Alarm bells will ring across Europe at the news that Austria's two far-right parties have made big gains in the country's general election. Between them they have secured almost a third of the seats in parliament, less than one percentage point behind the biggest party, the Social Democrats. It is the best result for the far right in Austria since the Second World War. Austrian politics are now in turmoil.

Jewish groups have branded the far-right populist Freedom Party – and its breakaway rival the Alliance for the Future of Austria – "underground Nazis". Even if the Freedom Party has officially distanced itself from the wartime Nazis, it certainly contains many individuals who promote race hatred and Holocaust denial. Their rise in influence is a disturbing comment on the mood of today's Austria.

If the symbolism is stark and the resonance malign, however, the practical politics are unclear. The electoral logic of the poll would be another coalition between the two biggest parties – the Social Democrats who took 29.7 per cent of the vote and the conservative People's Party, which garnered 25.6 percent. But opinion polls show that voters do not want that. The last such coalition collapsed after just 18 months, following constant clashes over everything from health and education to pensions and taxes. A renewed coalition would be similarly doomed.

The far right, mercifully, is deeply divided, too. Its vote is split between the Freedom Party, which won an estimated 18.4 per cent of the vote, and the Alliance for the Future of Austria, led by Jörg Haider, which took 9.7 per cent. The smaller party split from the larger one three years ago.
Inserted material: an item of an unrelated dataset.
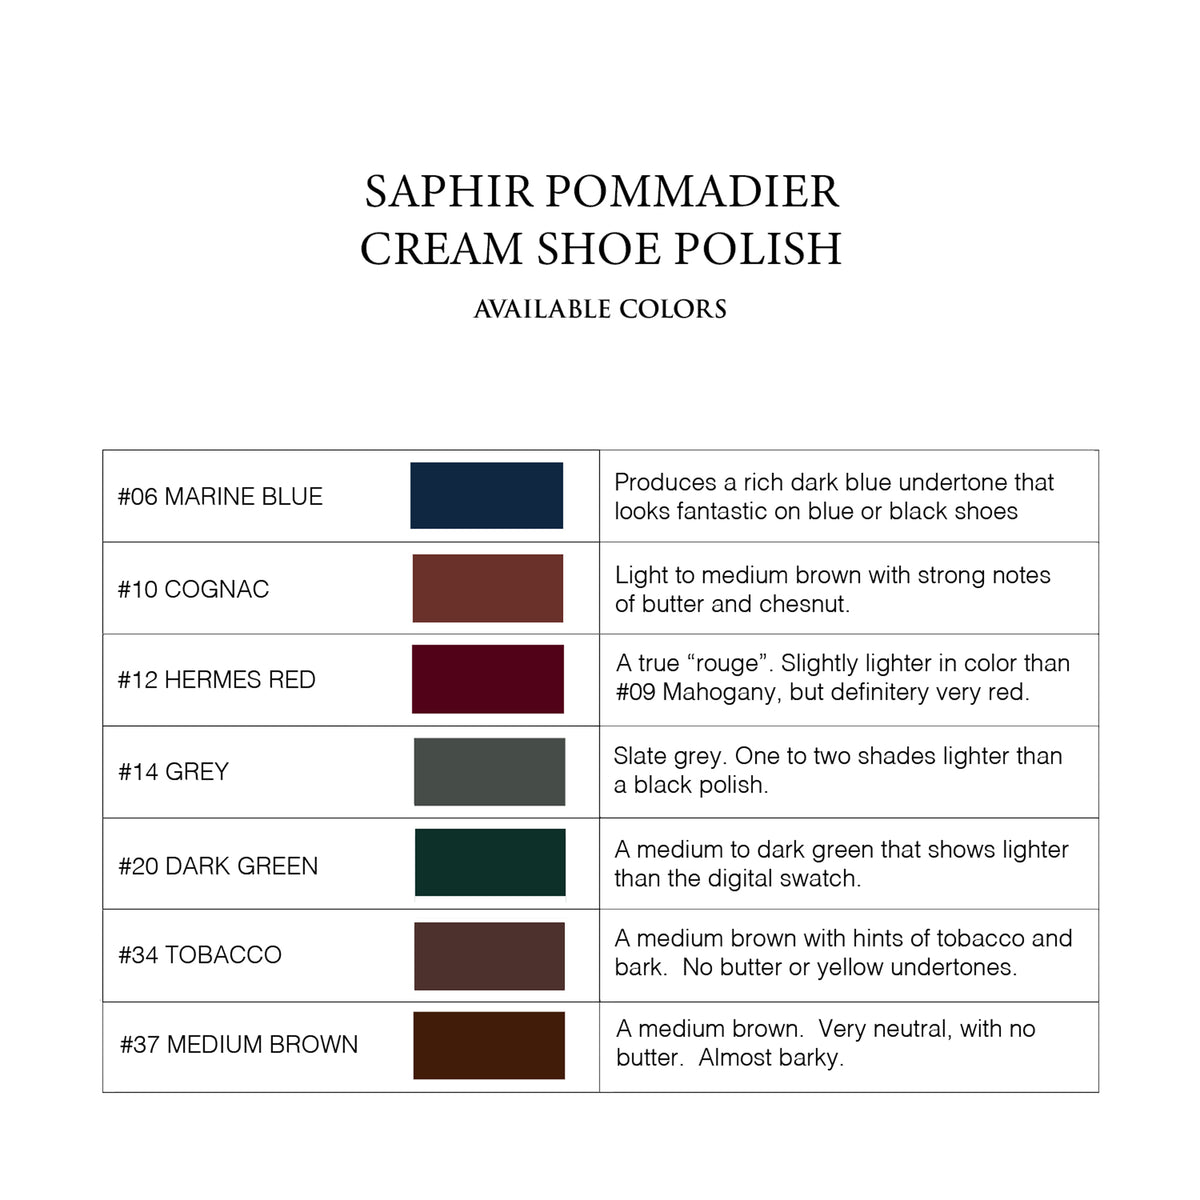 Saphir Pommadier Cream Polish Samples from KirbyAllison.com for color matching.

Talks on forming a new government will therefore be tortuous. The Social Democrats could try to cut a deal with the two right-wing parties. More worrying would be a coalition between the People's Party and the two far-right parties. But neither presents a cheerful prospect. For even if it can be argued that Austrians voted more out of disillusionment with the bigger parties than xenophobia, the result still reflects a widespread mixture of anti-immigrant and anti-European Union sentiment. It is a disquieting example of where protest voting can lead.